━━ Exercise material
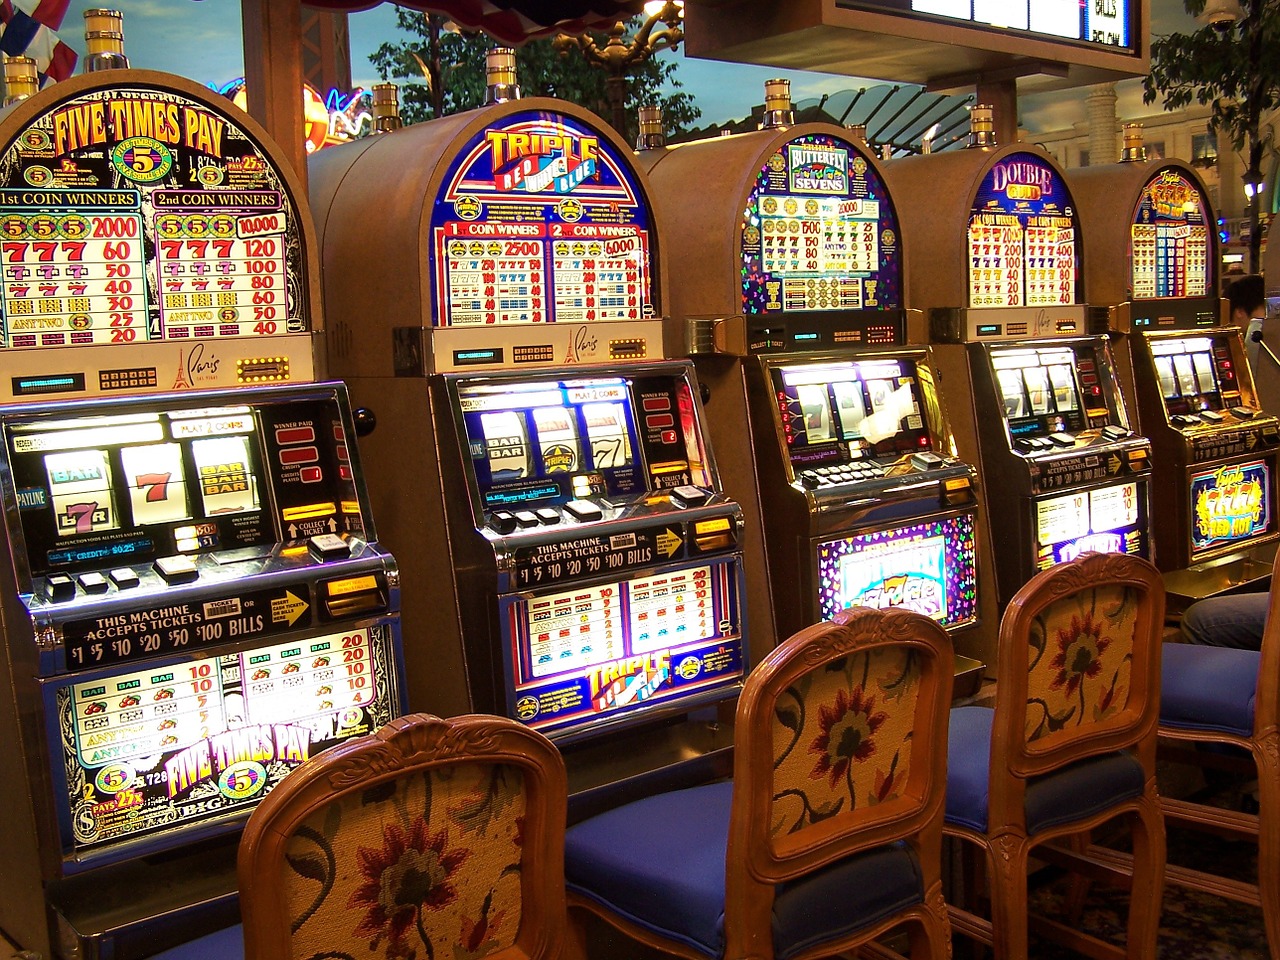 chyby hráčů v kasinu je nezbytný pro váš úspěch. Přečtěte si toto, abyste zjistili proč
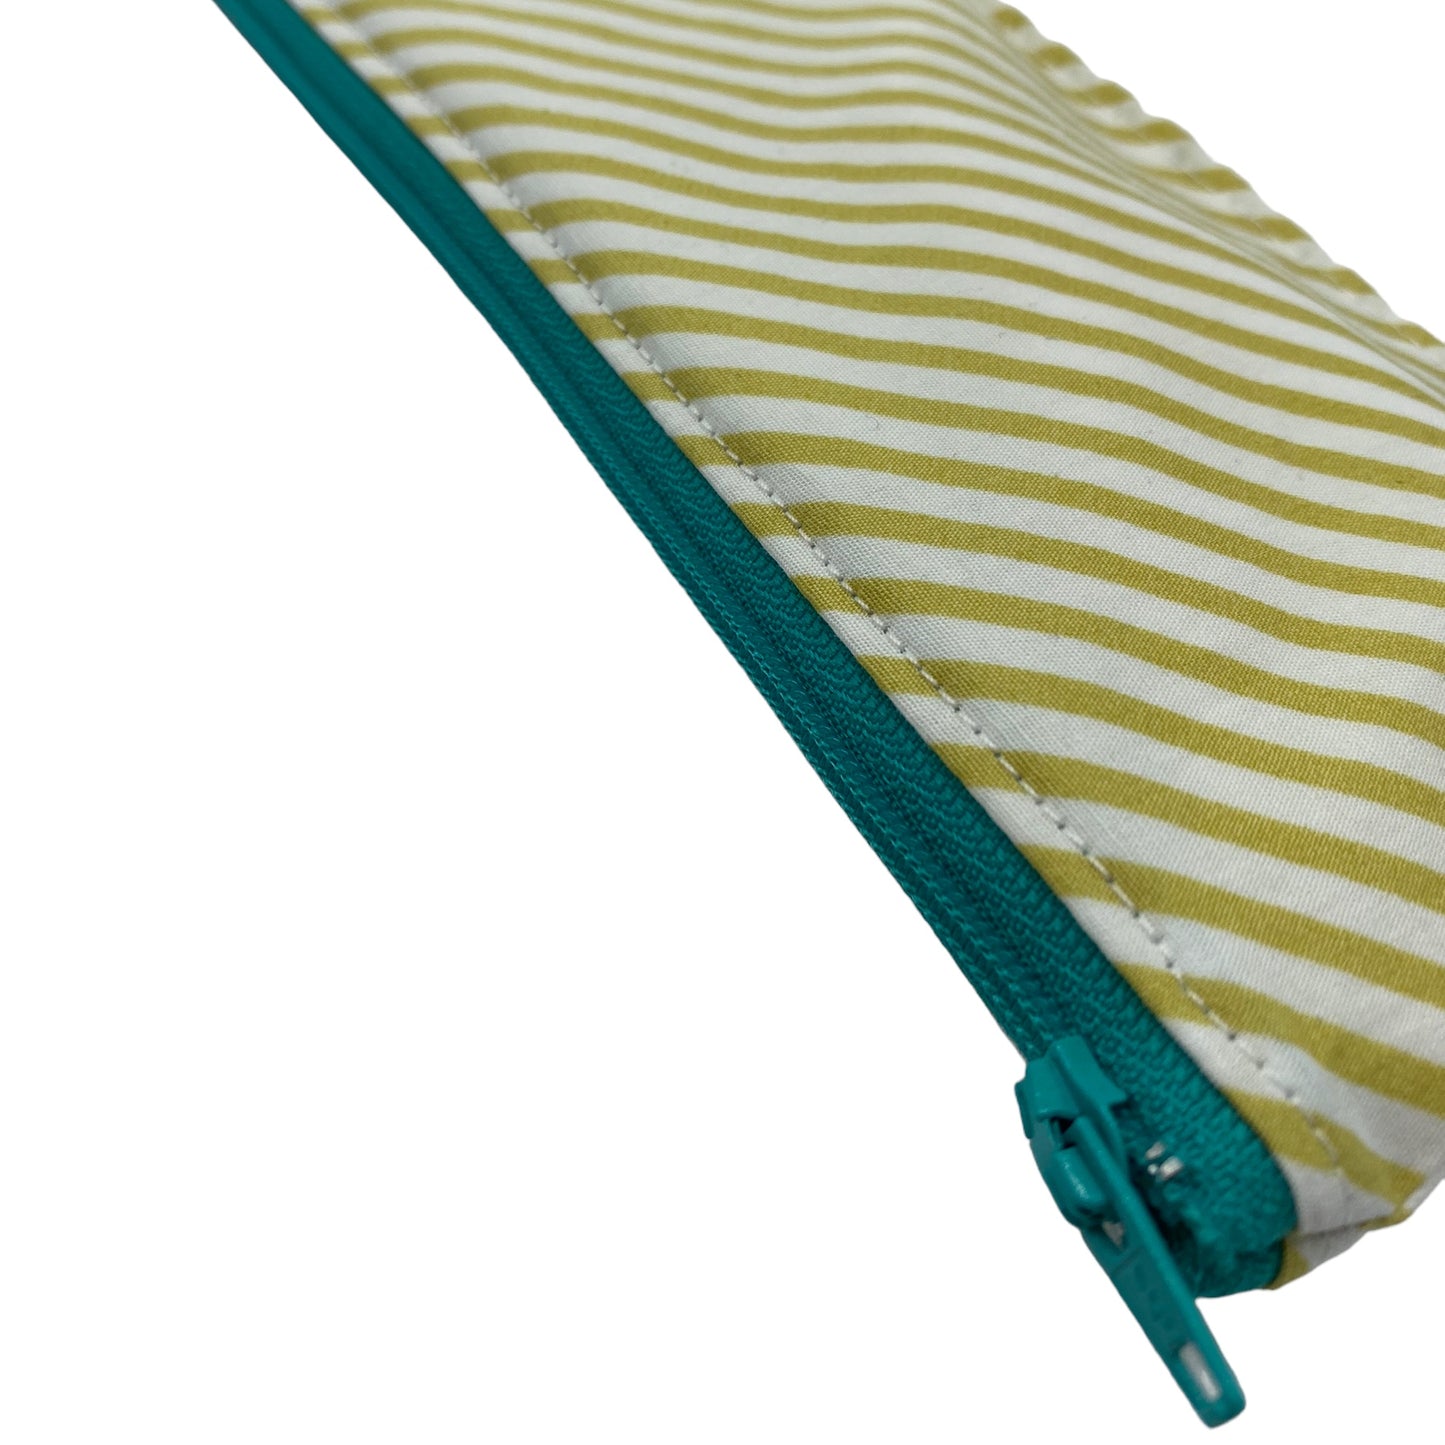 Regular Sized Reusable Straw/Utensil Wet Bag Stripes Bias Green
━━━━
━━ Exercise material
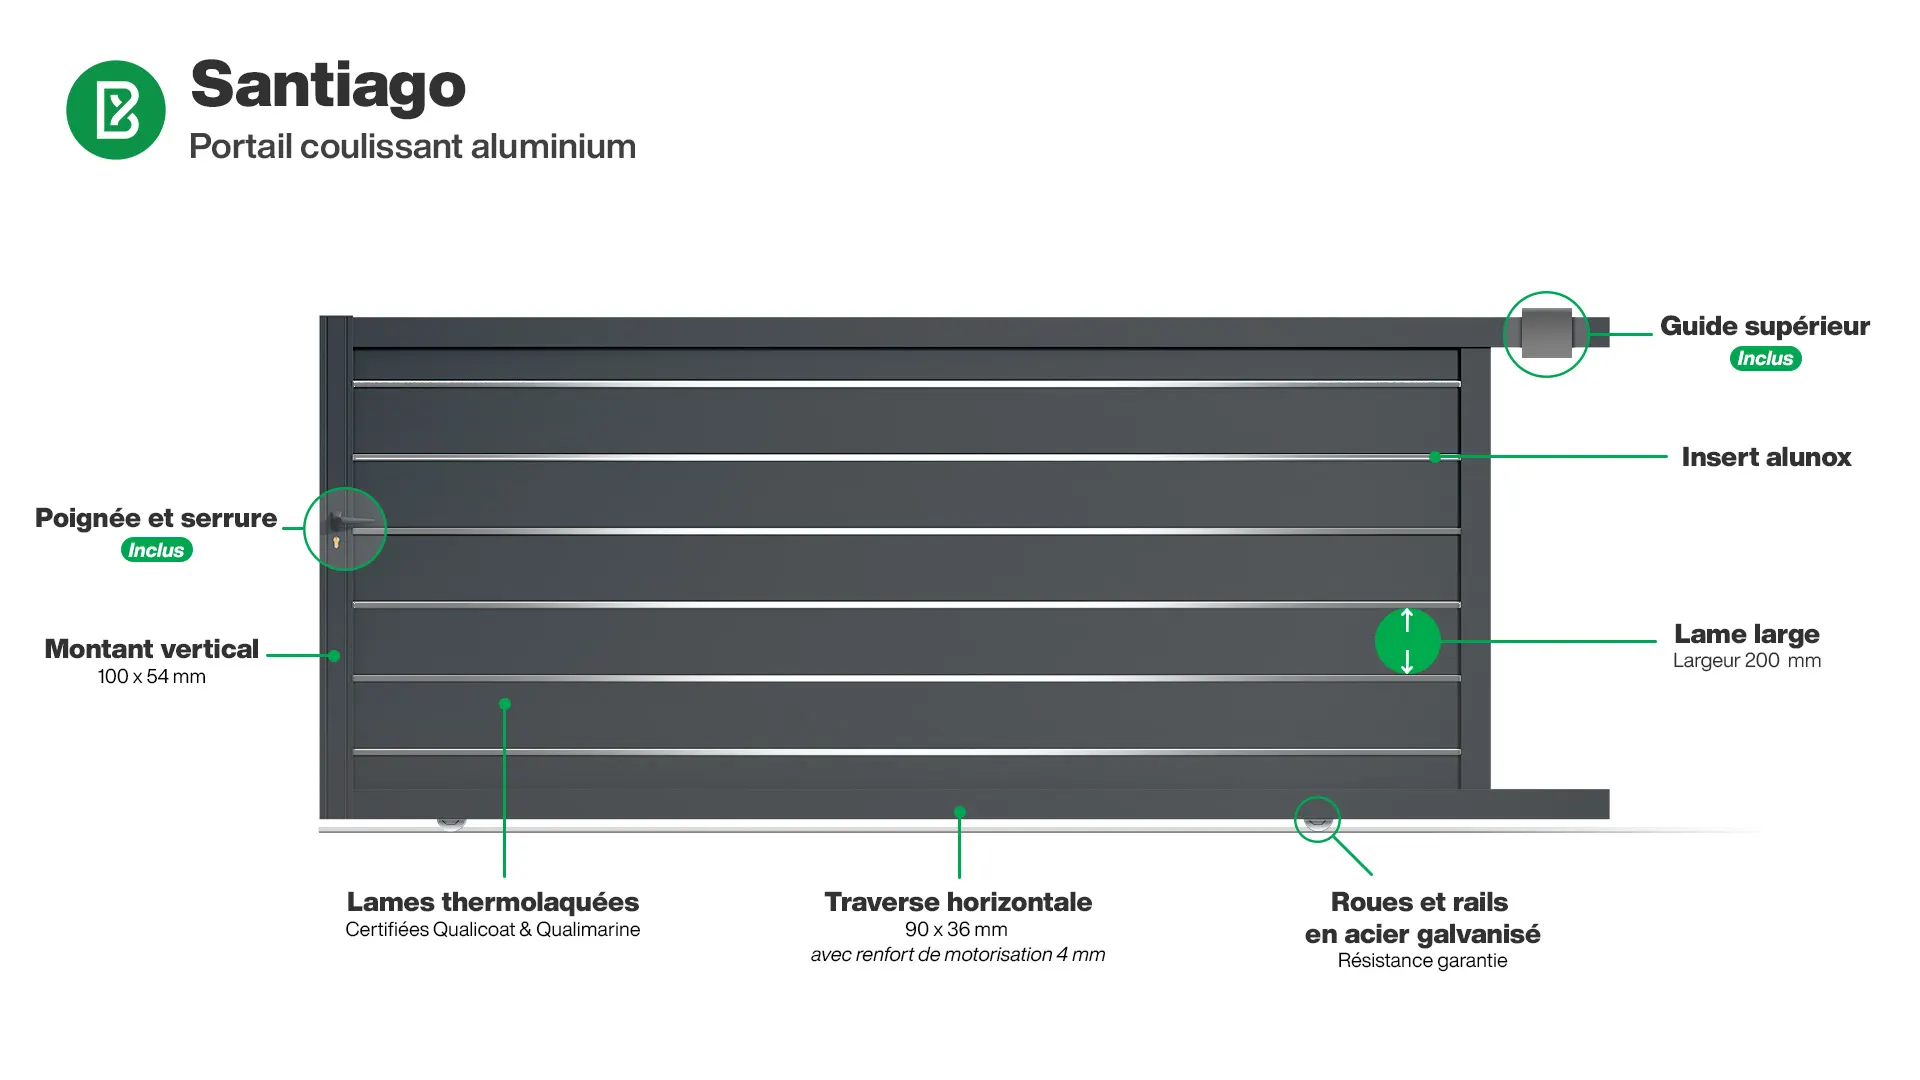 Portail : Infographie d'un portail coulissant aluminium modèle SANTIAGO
━━━━
━━ Exercise material
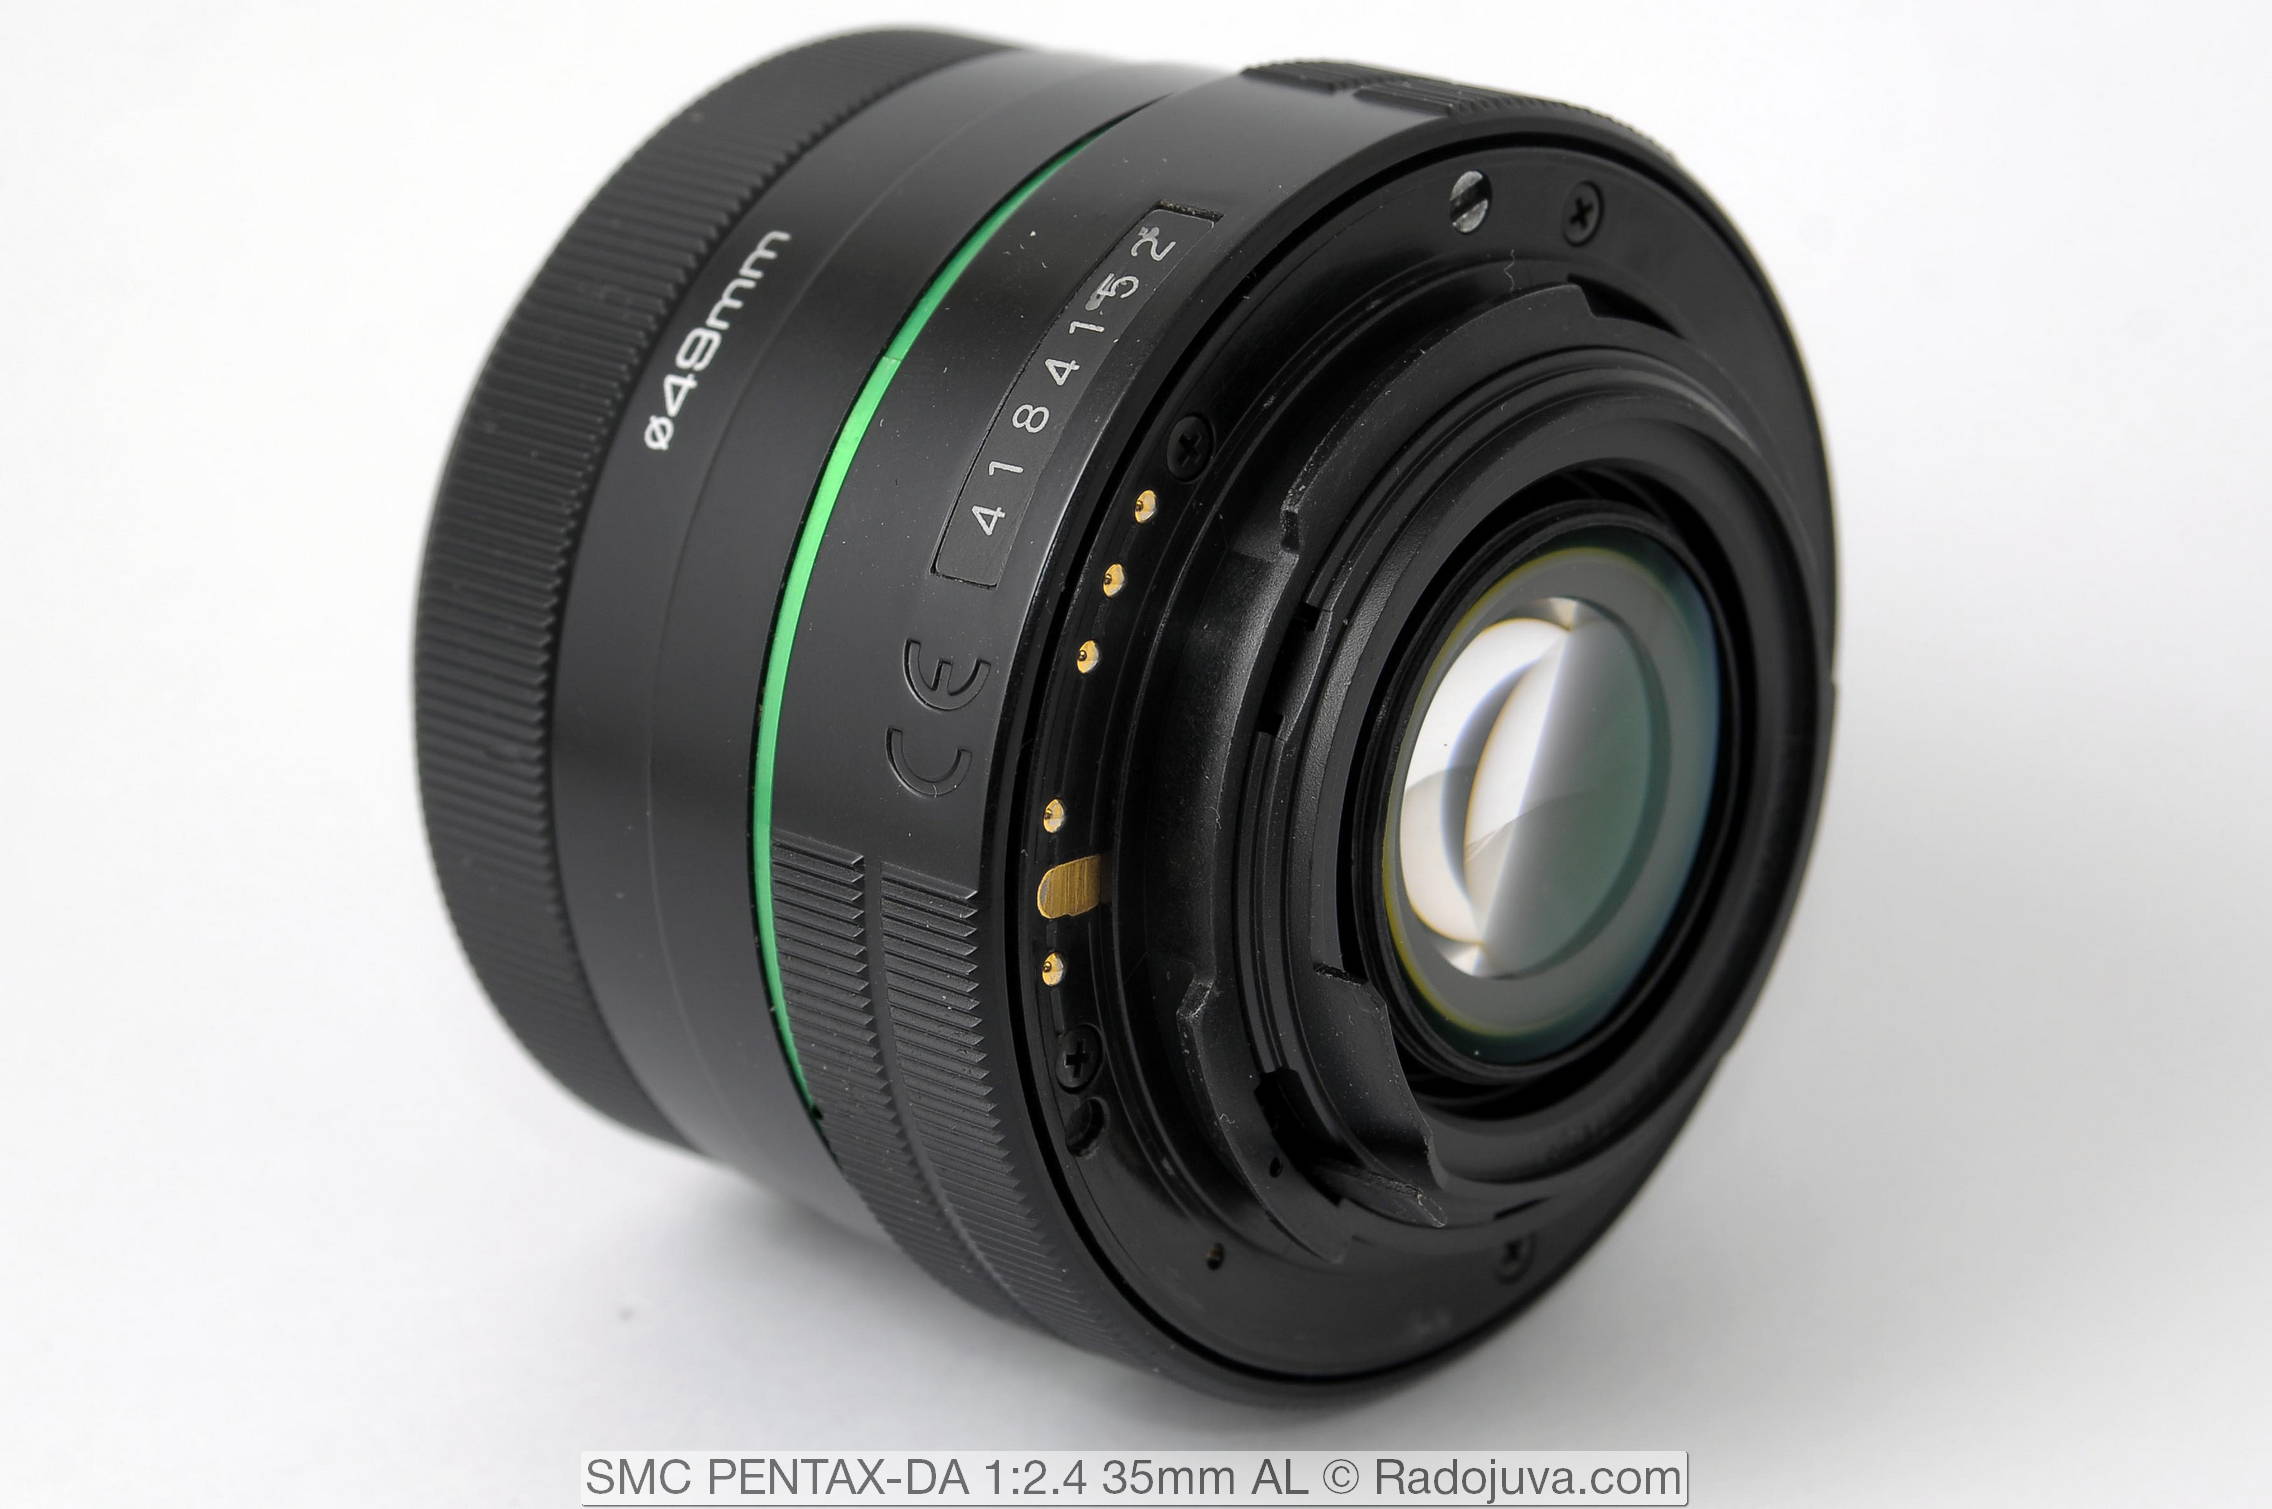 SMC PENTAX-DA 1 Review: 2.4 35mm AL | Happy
━━━━
◆ **What this task involves**: Starting at the line containing "chyby hráčů v" and stopping at the line containing "Regular Sized Reusable", output every line above exactly, both ends included, with pictures omitted.

◆ **Solution for this exercise**:
 chyby hráčů v kasinu je nezbytný pro váš úspěch. Přečtěte si toto, abyste zjistili proč
 Regular Sized Reusable Straw/Utensil Wet Bag Stripes Bias Green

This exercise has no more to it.